Published: Tue, August 5, 2008 @ 12:00 a.m.

By Tim Yovich

The residency requirement will ultimately be determined by the Ohio Supreme Court, the mayor says.

WARREN — The 11th District Court of Appeals has thrown another roadblock in front of the city’s residency law.

The appellate court ruled Monday that the residency requirement violates the Ohio Constitution, upholding a September decision by Judge Andrew Logan of Trumbull County Common Pleas Court.

“It’s the way we expected it to go,” said Edward Russ, president of the American Federation of State, County and Municipal Employees Local 74, the union that represents city workers, except for police and firefighters.

Local 74 challenged the city ordinance along with the Warren Management Association. The two unions represent a majority of city workers. The association represents middle- to upper-level managers.

Mayor Michael J. O’Brien said Monday’s ruling doesn’t negatively impact the city’s position because a similar case is already on the docket of the Ohio Supreme Court.

“It will be up to the Ohio Supreme Court to decide,” O’Brien said, noting various courts have issued conflicting opinions about the issue.

The city approved an ordinance in May 1991 requiring city workers to live in the city and remain a resident during employment.

However, in May 2006, the Ohio General Assembly enacted a law prohibiting a residency requirement as a condition of employment.

Some 125 Ohio cities and 13 villages have some sort of residency requirement.

The Warren city employee unions filed a complaint in common pleas court challenging the ordinance. The city maintained that the state law is an infringement on city powers.

Judge Logan ruled in favor of the unions, and the city appealed.

In writing for the appellate court, Judge Mary Jane Trapp wrote that if Warren wants to challenge the Legislature, it must do so politically, not through the court.

Judge Trapp wrote that the court recognizes that many economically depressed cities sought to either maintain or regain a stable, economically productive work force through the enactment of residency requirements for its employees.

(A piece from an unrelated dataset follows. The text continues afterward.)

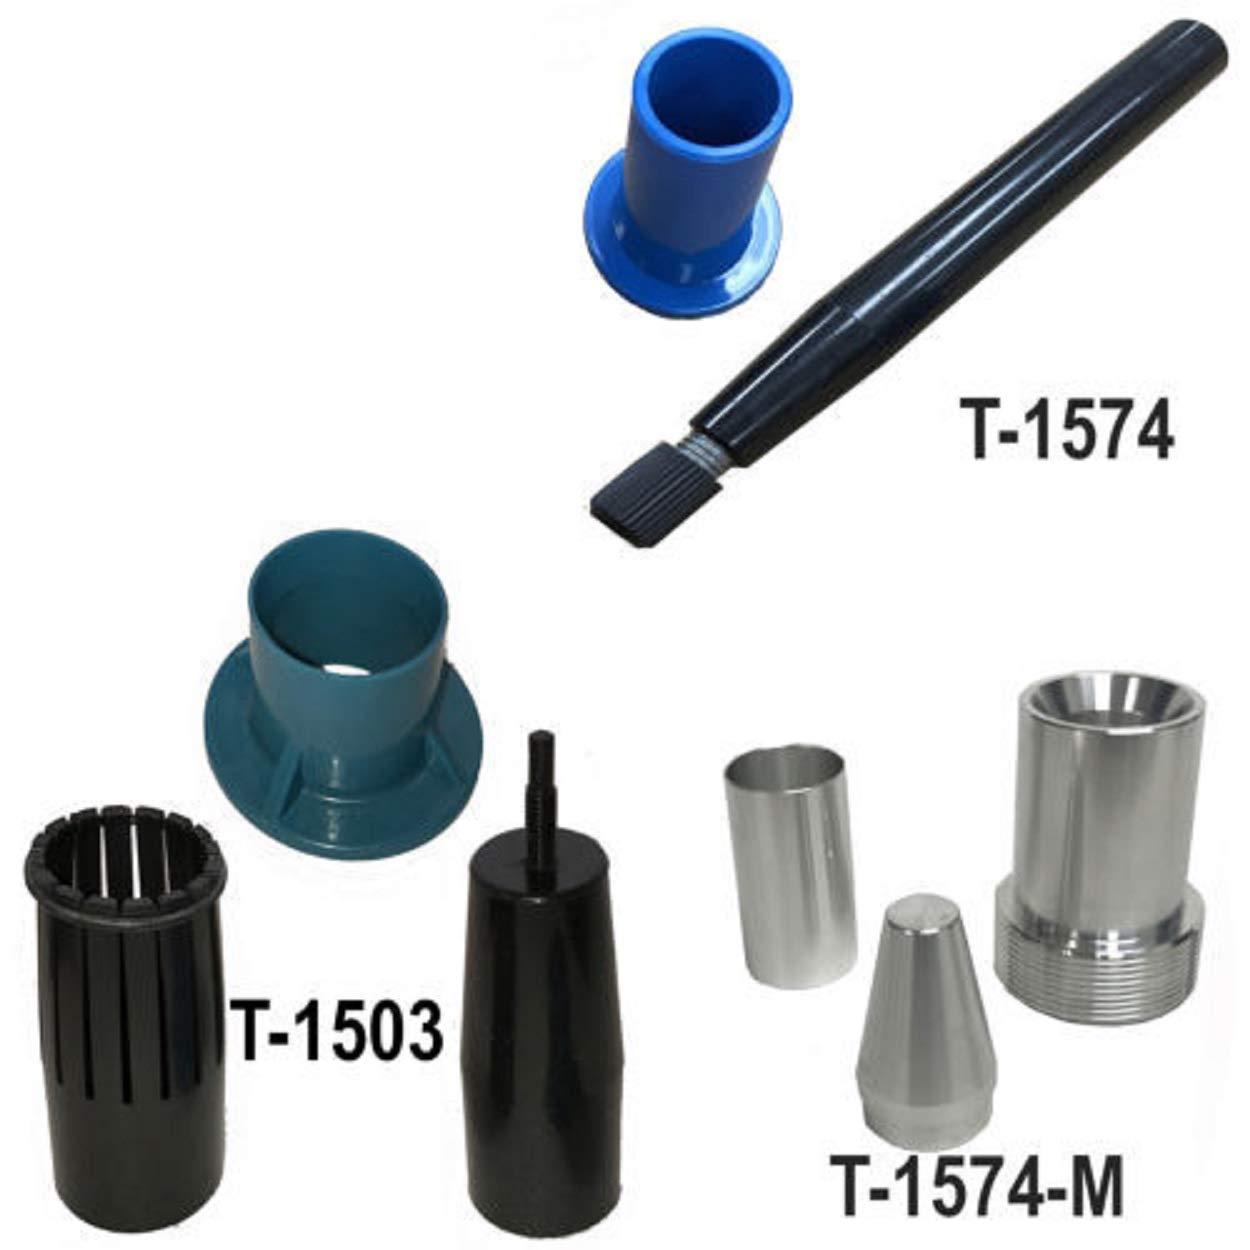 Grade A Tools T-1574, T-1574-GM, and T-1503 Resizer Kit Combo (4l60, 4l60e, 700-R4, 700R4 / 460L / 460LE, 4L70 / 4L75E)
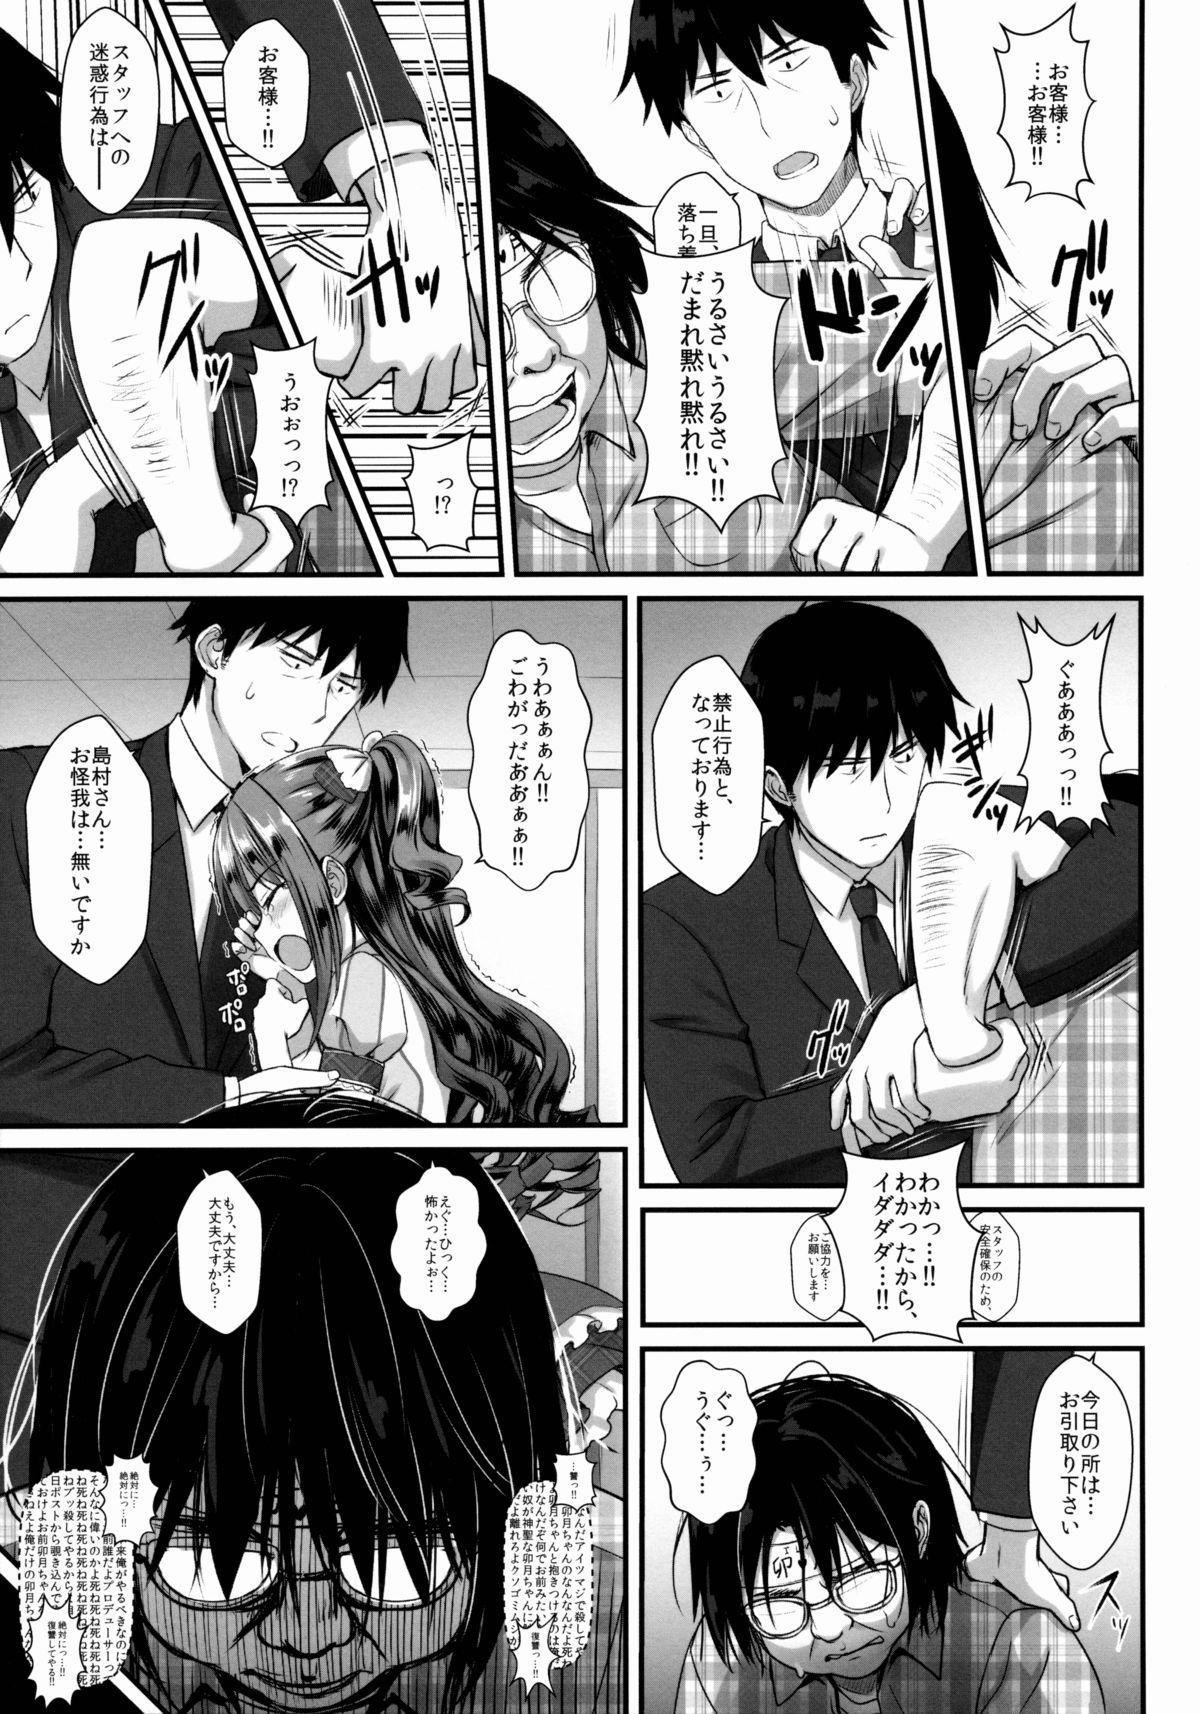 Uzuki-chan no Suimin Kaihatsu 3

She noted that residency is of statewide concern to generally allow public employees to choose where to live, and that it’s necessary to generally prohibit political subdivisions from requiring their employees, as a condition of employment, to reside in any area of the state in order to provide the comfort, health, safety and general welfare of the employees.

The state law, Judge Trapp wrote, is a “valid exercise of the Legislature’s power” conferred on it by the state constitution and trumps Warren’s ordinance.

She pointed out that “a residency requirement places an onerous burden on public employees and their family’s life, as it severely limits their choice of housing, schools, medical services or places of worship, undoubtedly affecting their health, safety, morals or general welfare. We cannot say the Legislature’s affording the state’s public employees the ability to choose where to life is unreasonable or arbitrary.”